Monday, Oct. 13, 1986

One Man's View of a Continent the Africans Pbs;

By RICHARD ZOGLIN.

The room in an expensive West African hotel has most of the amenities of Western accommodations. But the radio and television sets do not work, nor does the telephone. As for the hot-water faucet, it has never even been connected. A perfect symbol, our guide tells us, for the central contradiction of a continent: Westernization is only a facade that hides the "realities of Africa."

Those realities -- at least, one person's view of them -- are the subject of The Africans, a series that has ignited PBS's latest brush fire of controversy. The nine-week survey of African culture, history and politics has drawn a sharp attack from Lynne Cheney, the Reagan-appointed chairman of the National Endowment for the Humanities, which supplied $600,000 of the program's $3.5 million budget. The series, she charges, "frequently degenerates into anti-Western diatribe" and fails to meet NEH's "standards of balance and objectivity." Among her complaints: a sympathetic portrayal of Libyan Leader Muammar Gaddafi. At Cheney's insistence, NEH's name was removed from the show's credits, and a request for funds to promote the show was denied.
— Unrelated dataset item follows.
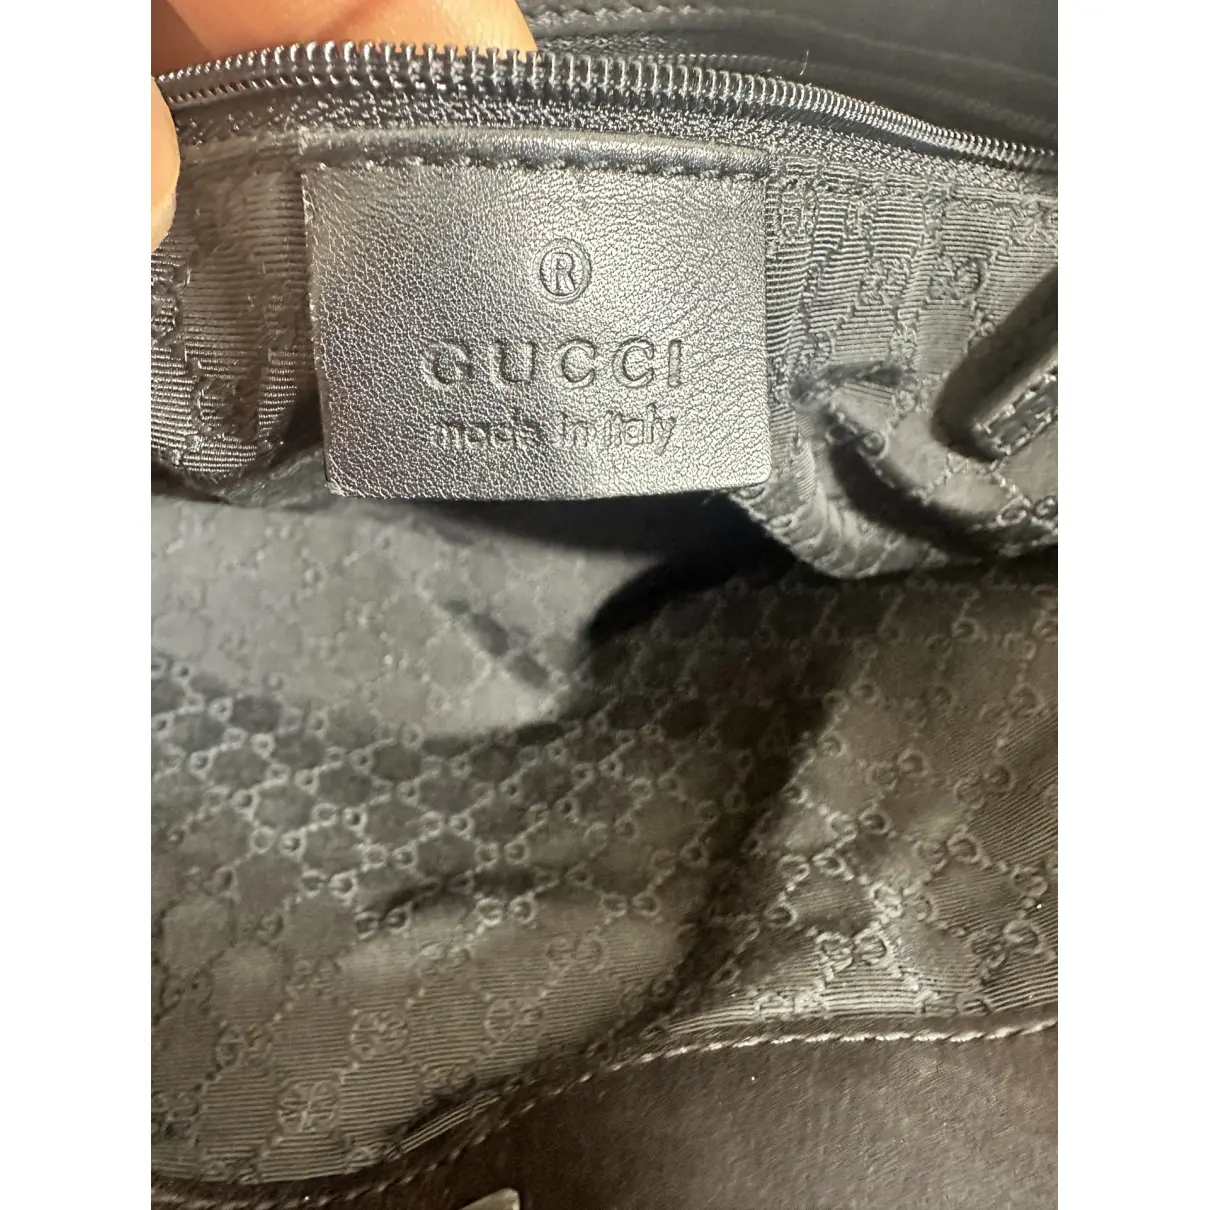 Handbag Gucci

Executives at Washington's WETA-TV (which co-produced the series with the BBC) and at PBS have stood by the program, pointing out that it is intended to be an African's view of Africa. Its writer and host, Ali A. Mazrui, a Kenya- born professor of political science at the University of Michigan, admits that his opinions do not "fall into the mainstream of American thinking." But he argues that NEH ought to be willing to "fund things that are outside the perspective of the Western world."

Most of the problems of present-day Africa, Mazrui suggests, can be traced to Western interlopers: from the missionaries and slave traders of early days, through the European colonialists who carved up the continent with arbitrary national borders, to capitalists who have plundered its natural resources, "often bequeathing decay rather than development." The series contains no on-camera interviews, just Mazrui's narration set against striking shots of African life and landscapes. The rhetoric is sometimes excessive ("the collective burial of a people," "Western sharks in search of a pound of flesh"). And Mazrui's approach can be annoyingly simplistic: his blaming, for instance, virtually all African violence on weapons imported from the West and his naive romanticizing of Gaddafi.
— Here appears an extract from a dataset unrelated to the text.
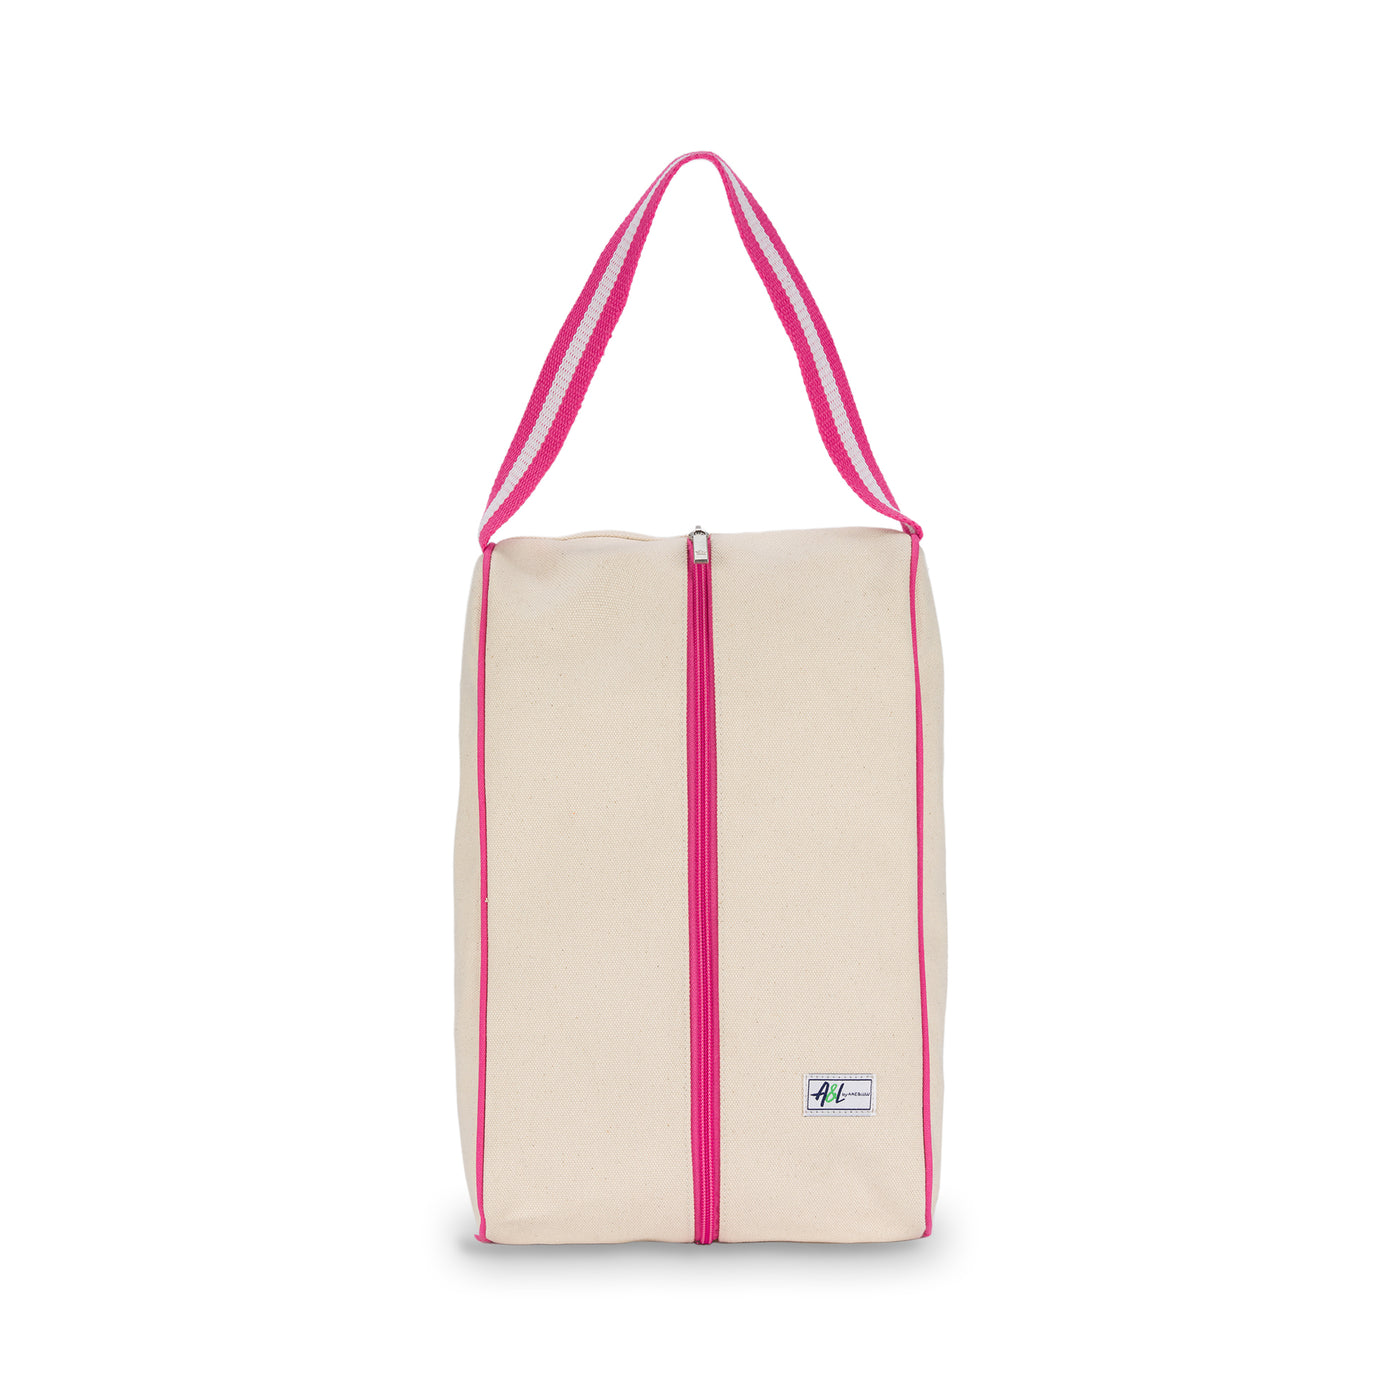 rectangular tan canvas shoe bag with hot pink handles.

But Mazrui's personal, impassioned views are what set The Africans apart from most of PBS's good gray fare, and he makes telling points about his homeland's cultural predicament. Africa today, he says, is dependent on the West in ways it cannot control: without the English and French languages, | public business in most countries would come to a halt. Western moral standards have often seemed as impenetrable to Africans as theirs have to us. "Early European missionaries," Mazrui notes, "found it easier to admit a slave owner to Communion than a member of a polygamous household." Meanwhile, Africa still has to import most of the manufactured goods made from its own abundant raw materials. For all its polemics, The Africans has a great deal to say, and it does so with eloquence and power.